Glynn Cardy
Sat 24 Dec
As the year rushes towards the end there are numerous commentators talking about the best and worst of the year, the successes and the failures, of both individuals and governments. While you might think this is a strange ritual to engage in – as each writer has different understandings of ‘worst’, ‘failure’, ‘best’, and ‘success’ – I view it through the lens of hope.
What does hope look like, feel like, for individuals, groups and countries?
2016 has been a hard year for many Kiwis. There are many struggling to pay for food and housing. There are many weighed down by debt – the sort of debt that loan-sharks create when your minimum wage has gone solely on housing and some food, and then a medical crisis has hit your family.

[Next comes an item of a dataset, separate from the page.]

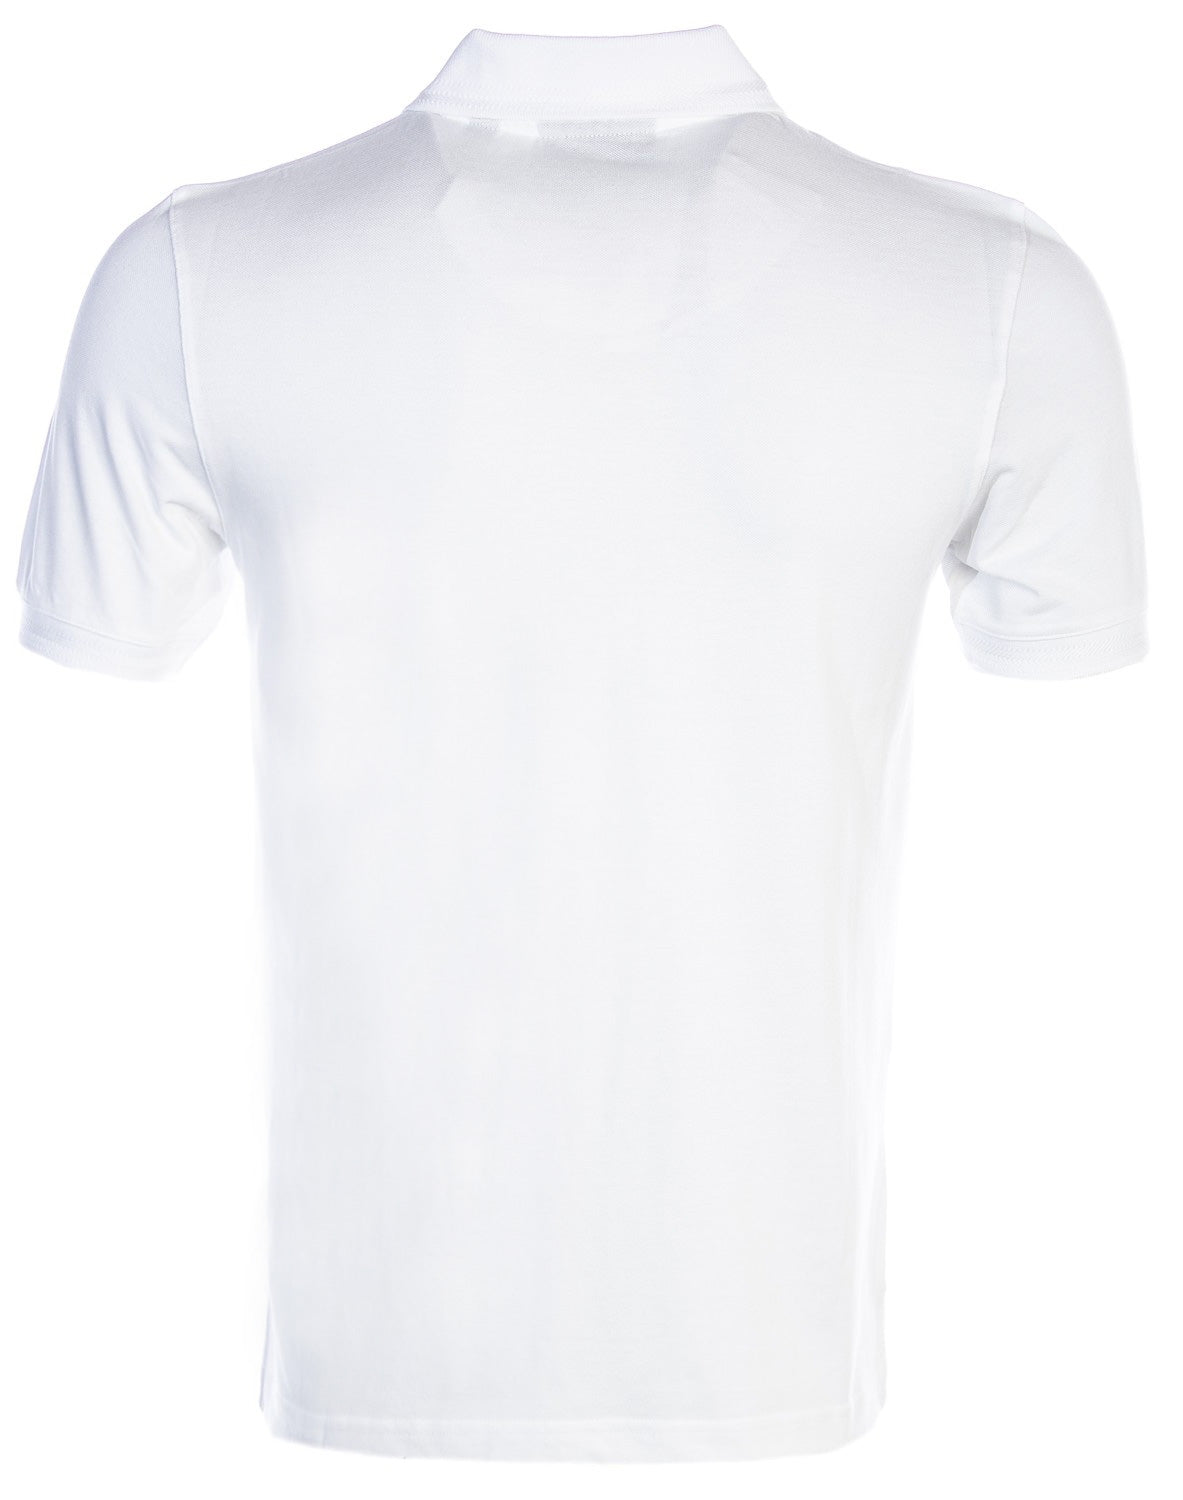 Belstaff Classic Short Sleeve Polo Shirt in White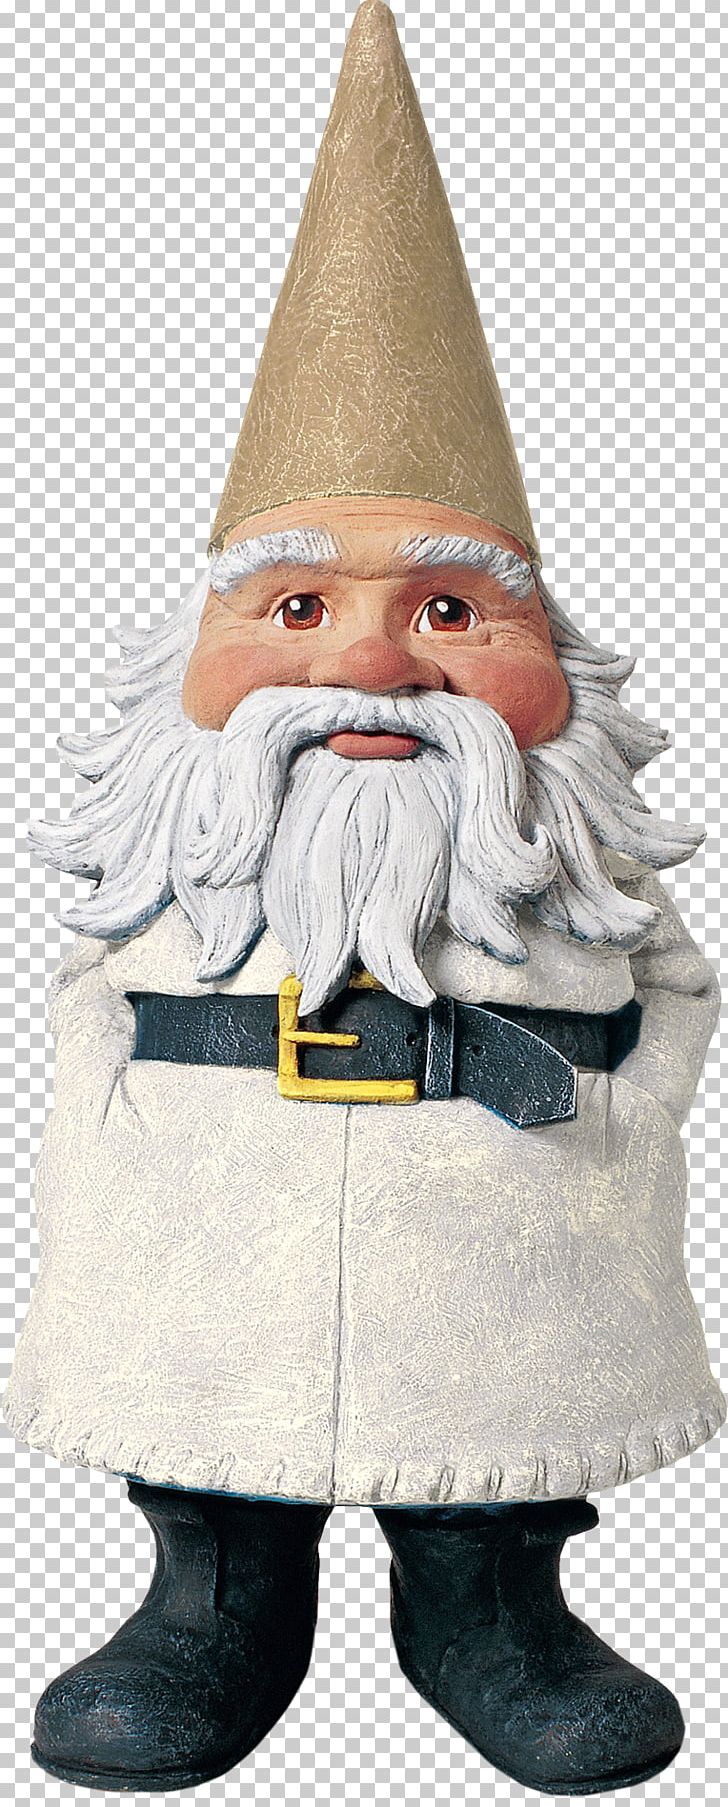 Santa Claus Garden Gnome Where Is My Gnome? Travelocity PNG, Clipart, Adobe Illustrator, Claus, Cute, Cute Animal, Cute Animals Free PNG Download

In Auckland the price of houses is such that most young people will never own one, unless they have a significant inheritance, which most don’t.
In North Canterbury and Wellington the earthquakes have made life tough for many. And it will be tough for some time to come.
In the face of all this does the old Christmas stories, and the traditions grown up around them, offer any hope?
The cartoonist, Brendan Boughen, drew our Christmas billboard this year. The billboard portrays those Kiwis that have had it hard as a guy looking battered, tired and beaten, crawling along the ground towards a line that says 2017. Standing just in front of the line for 2017 looking at him are Joseph and Mary, who is holding the baby Jesus, while Joseph holds a sign that simply says ‘Joy to the World’.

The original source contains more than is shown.